A thirty-five year commitment
While Macmorran walks in the footsteps of winemakers who have come before him at Red Willow, he will soon have the opportunity to create his own path. The Sauers recently replanted a section of Red Willow. Though they had frequently discussed with Macmorran what grape and what clones to plant on the block (Cabernet Sauvignon Clone 191 and 337 were eventually planted), Macmorran had no idea that the fruit would eventually be destined for his winery.
“We were standing down at the bottom of the ‘93 Merlot block, kind of like you do just talking about fruit and grapes and weather and kicking dirt and that kind of stuff. And Mike just says, ‘What do you think about that Cabernet Sauvignon block up on the hill?’ I said, ‘I think it’s going to be incredible Mike. I’m sure you’ve got a laundry list of guys who are trying to throw their name on that.’ And he said, ‘Well we do but we’d really like it if you took it for Manu Propria.’”
Stunned, Macmorran almost felt as if he were involved in a prank on Candid Camera. “I kind of got that kind of queasy feeling, like, what just happened?” Macmorran says. “I’m kind of looking around waiting for someone to jump out with a camera or something. And Mark (McNeilly) just says ‘Wohoo!’ and gave me a huge high five.” Macmorran says that McNeilly’s enthusiastic support has been vital to getting the winery started. “None of this could have happened without Mark. He’s really been such a huge piece of this.”
While the new vines mature, Macmorran intends to declassify the fruit into a lower priced wine. Eventually, he hopes to create a reserve Cabernet from the block to serve as a companion to the Ex Animo. Though the vines are young, for Macmorran, his plans for the new Cabernet plantings are long term.
“For me, it’s a 35 year commitment,” he says. “I want to be making wine off that block when I’m 70 years old.” Of course, Macmorran hopes that his son Jack will follow in his footsteps and be there alongside him then, but he knows it might not work out that way.

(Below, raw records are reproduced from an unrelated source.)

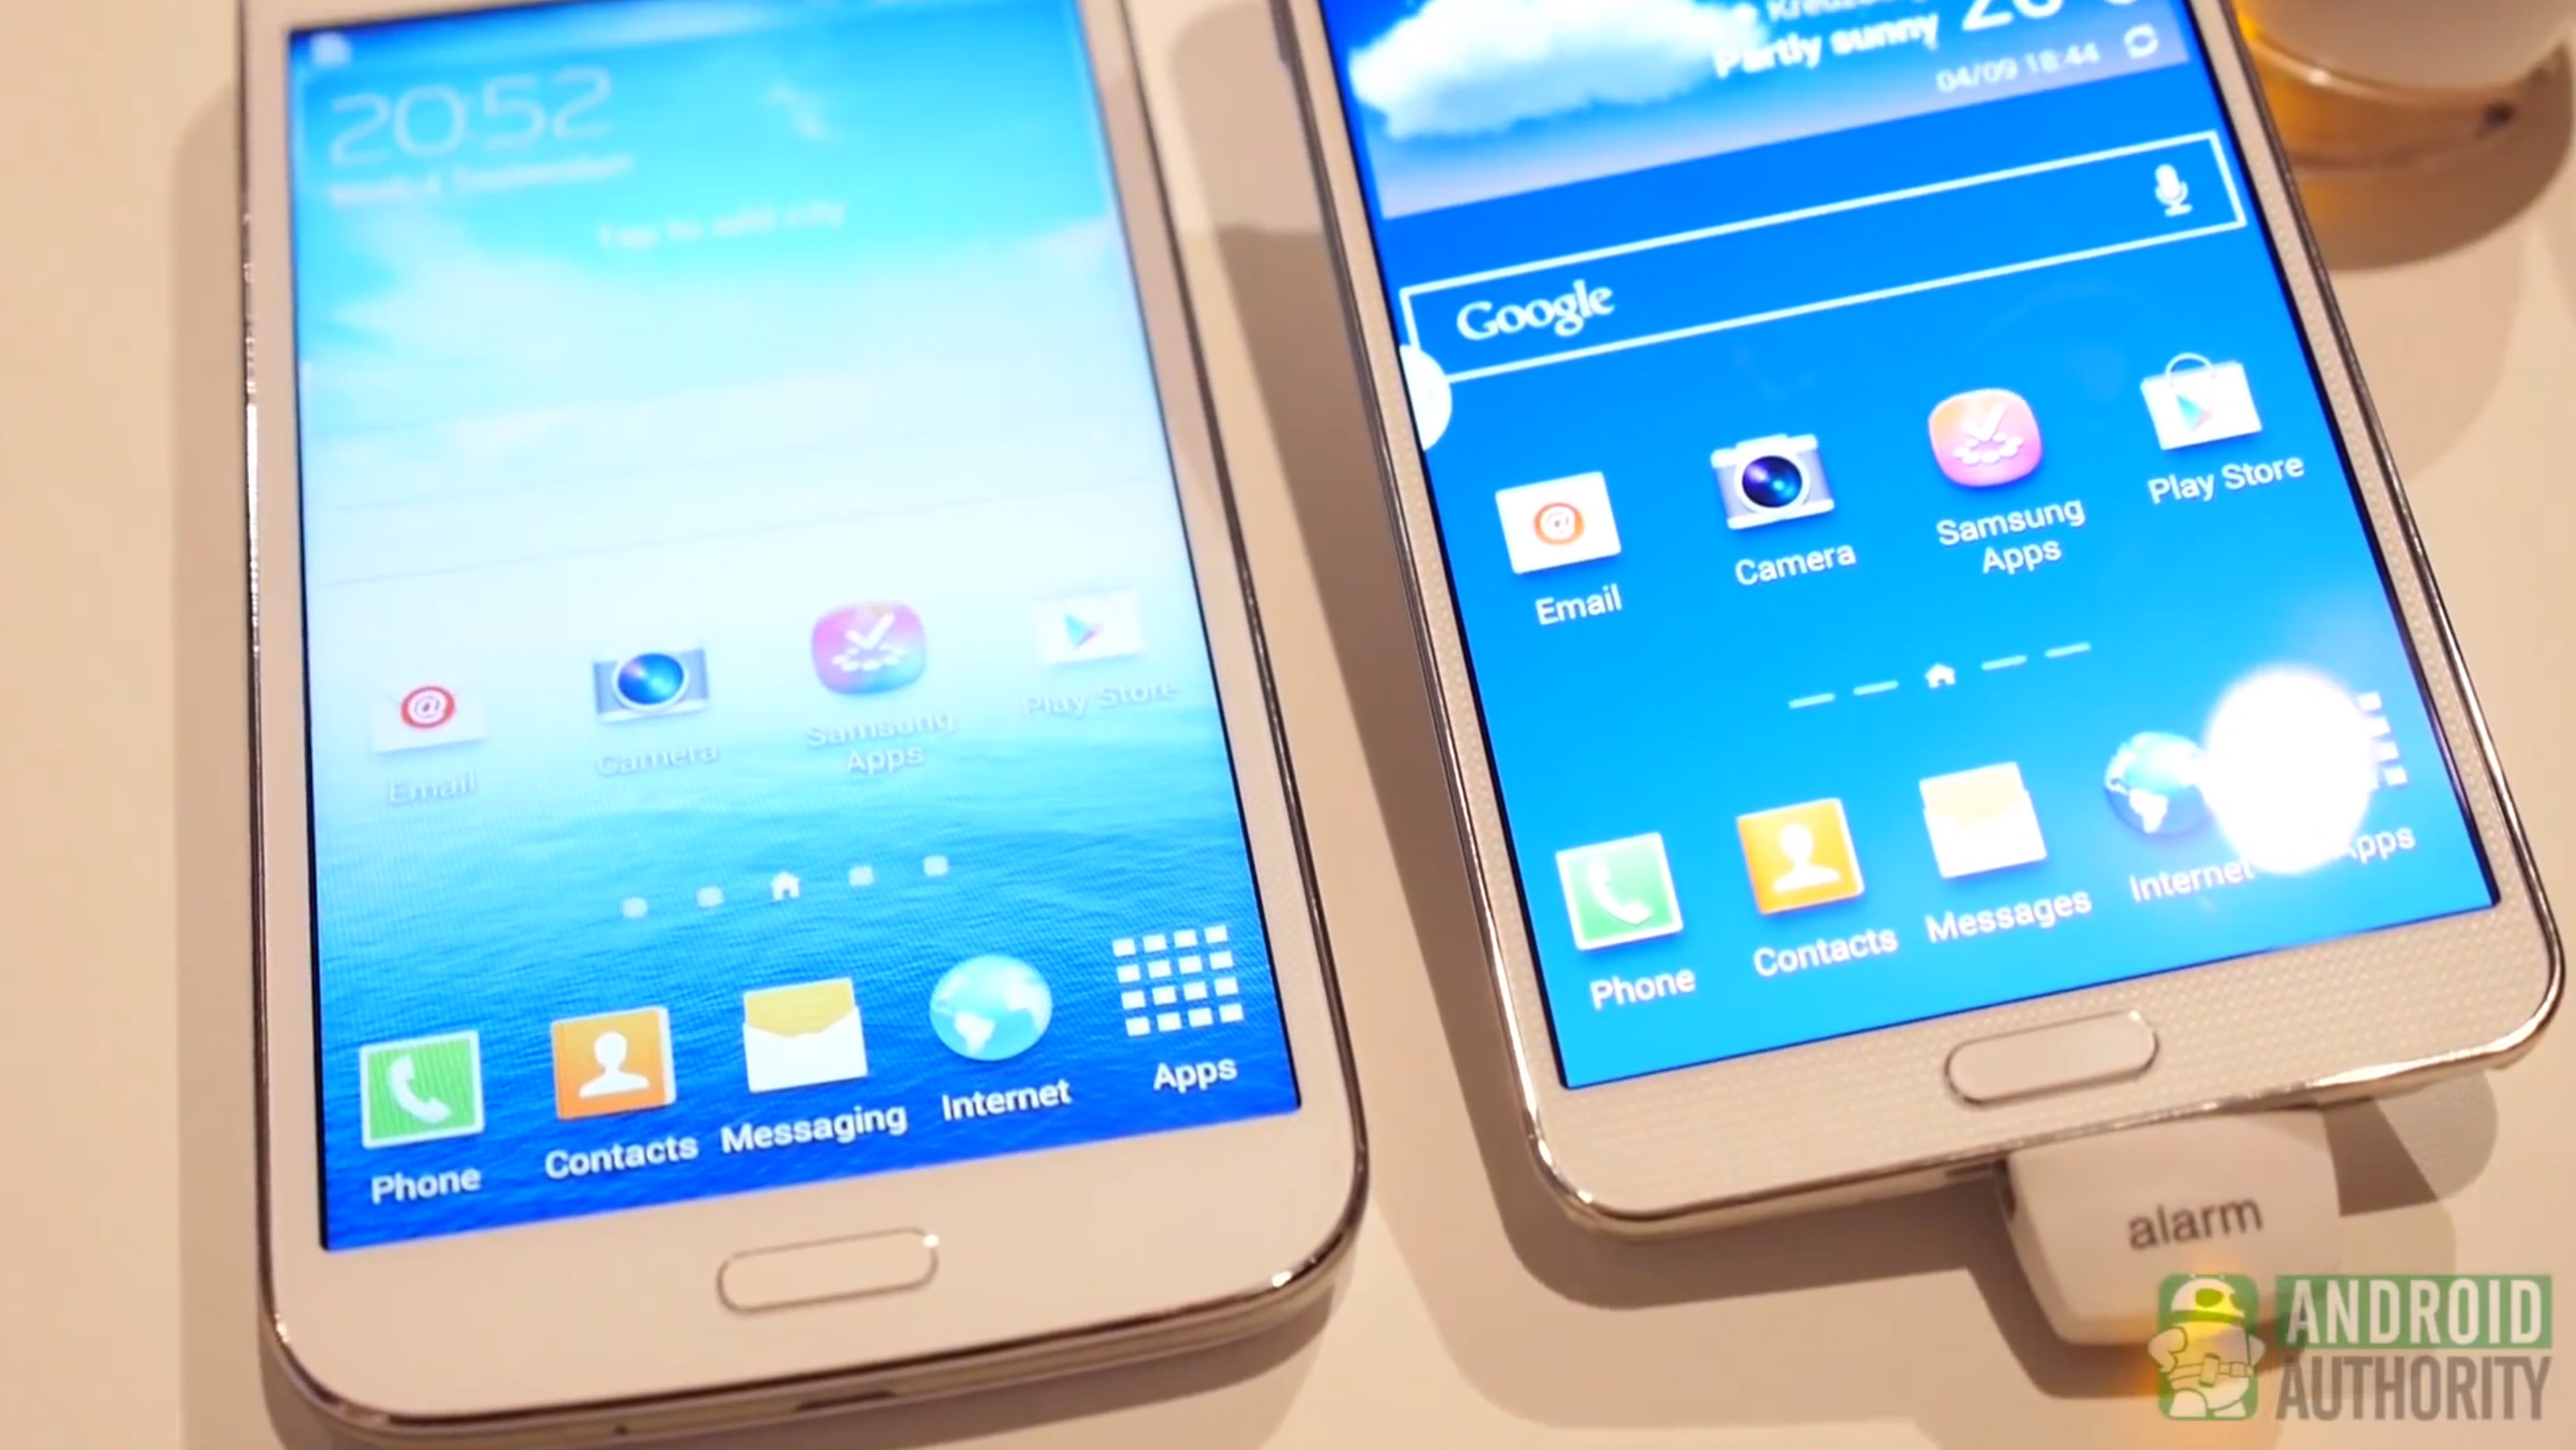 Galaxy Note 3 vs Galaxy Mega 5.8 front shot
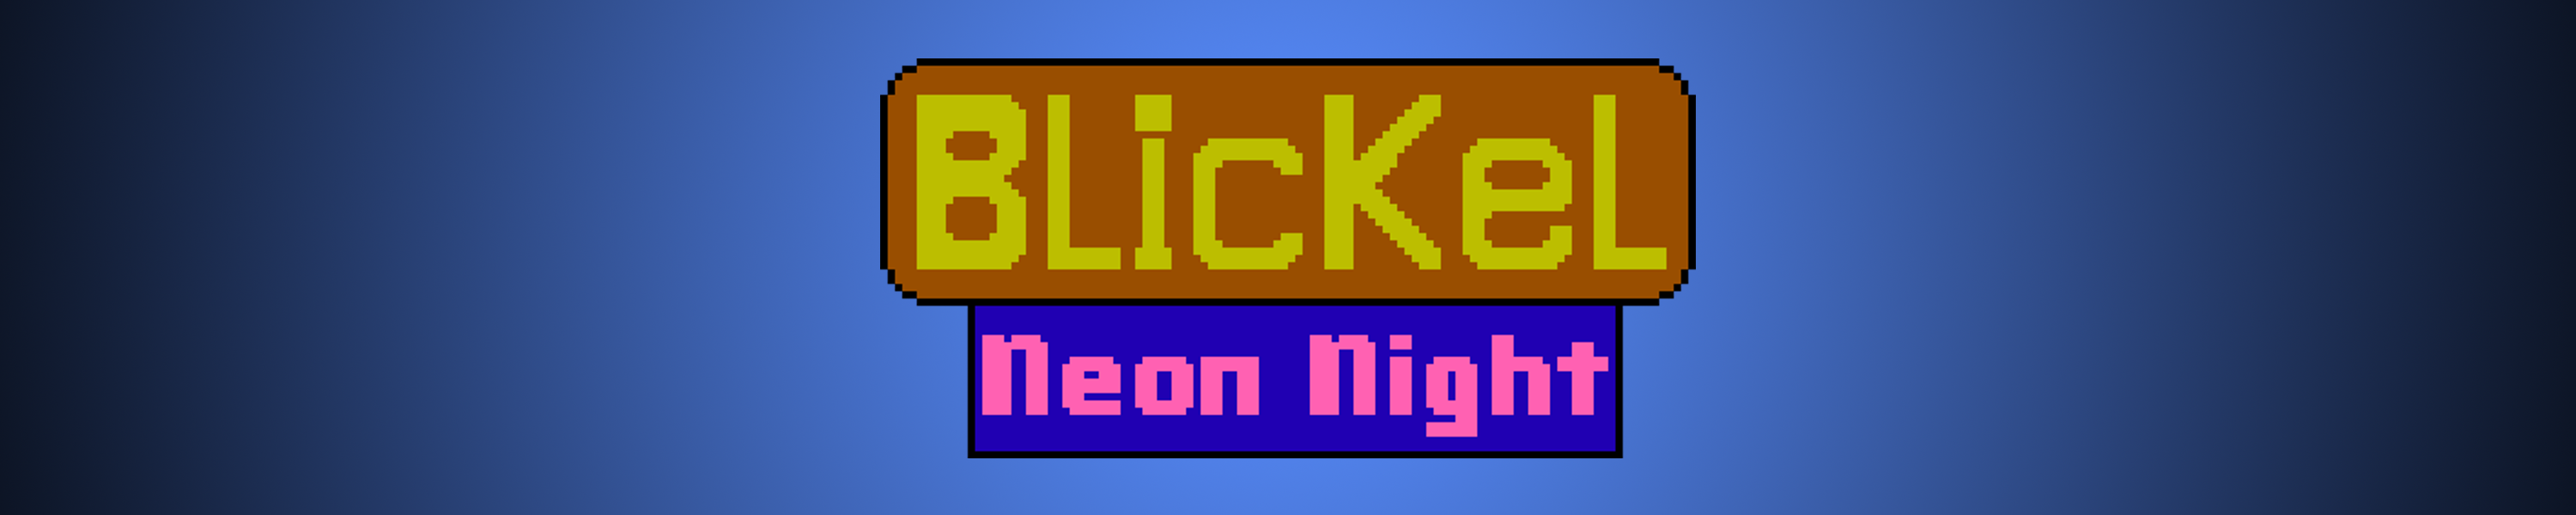 Blickel Neon Night
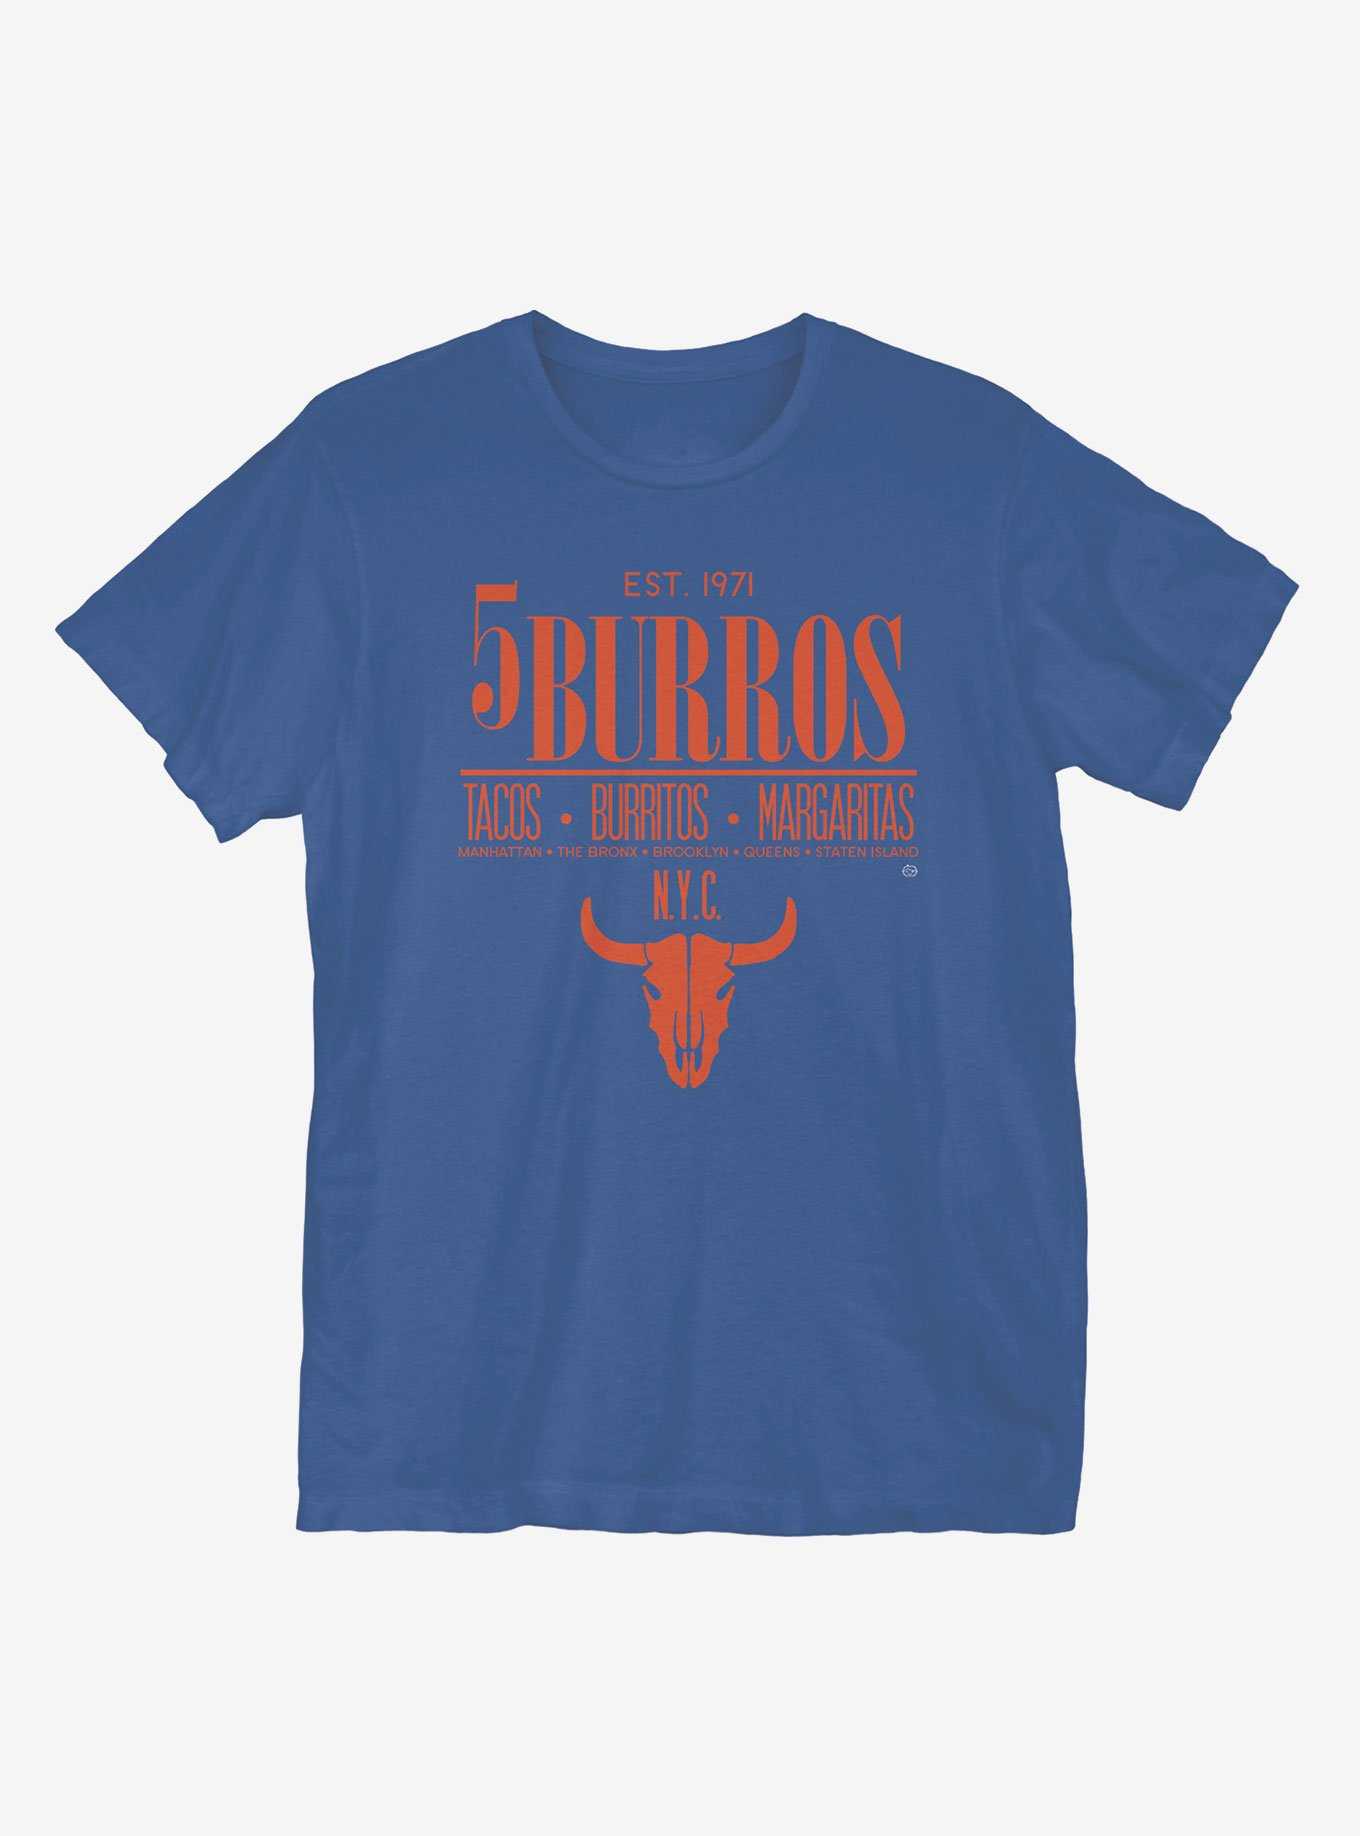 5Burros Tacos T-Shirt, , hi-res

“I’m sure by the time he’s 18 he’s going to want to move to Capitol Hill and be a bartender, which…we’ve all been there,” Macmorran says with a laugh. “That will be fine too. At least it will be there for him when he comes back from the city and wants to be a farmer.” Indeed, the Macmorrans and Manu Propria, the Sauers and Red Willow will be there waiting as another generation passes through this hallowed ground.
Pictures by Caylee Betts courtesy of Manu Propria.
Manu Propria Ex Animo Cabernet Sauvignon Red Willow Vineyard Yakima Valley 2010 $35
Rating: (Excellent/Exceptional) An aromatically subdued but intriguing wine with pink peppercorn, leather, mocha powder, and a fascinating medley of high toned herbal notes – including mint and tarragon – along with dried cherries. The palate is medium bodied, subtle, showing both intensity and restraint with pure flavors of bittersweet chocolate, leather, tobacco leaf and spice with fine-grained tannins and a citrus twist at the finish. Quite a unique wine for Washington – I can’t think of another like it – that leans more toward the Old World than the New but is still also distinctly Washington. A steal at $35. 83% Cabernet Sauvignon, 14% Merlot, and 3% Malbec. Aged in French oak (73% new). 14.7% alcohol. Sample provided by winery.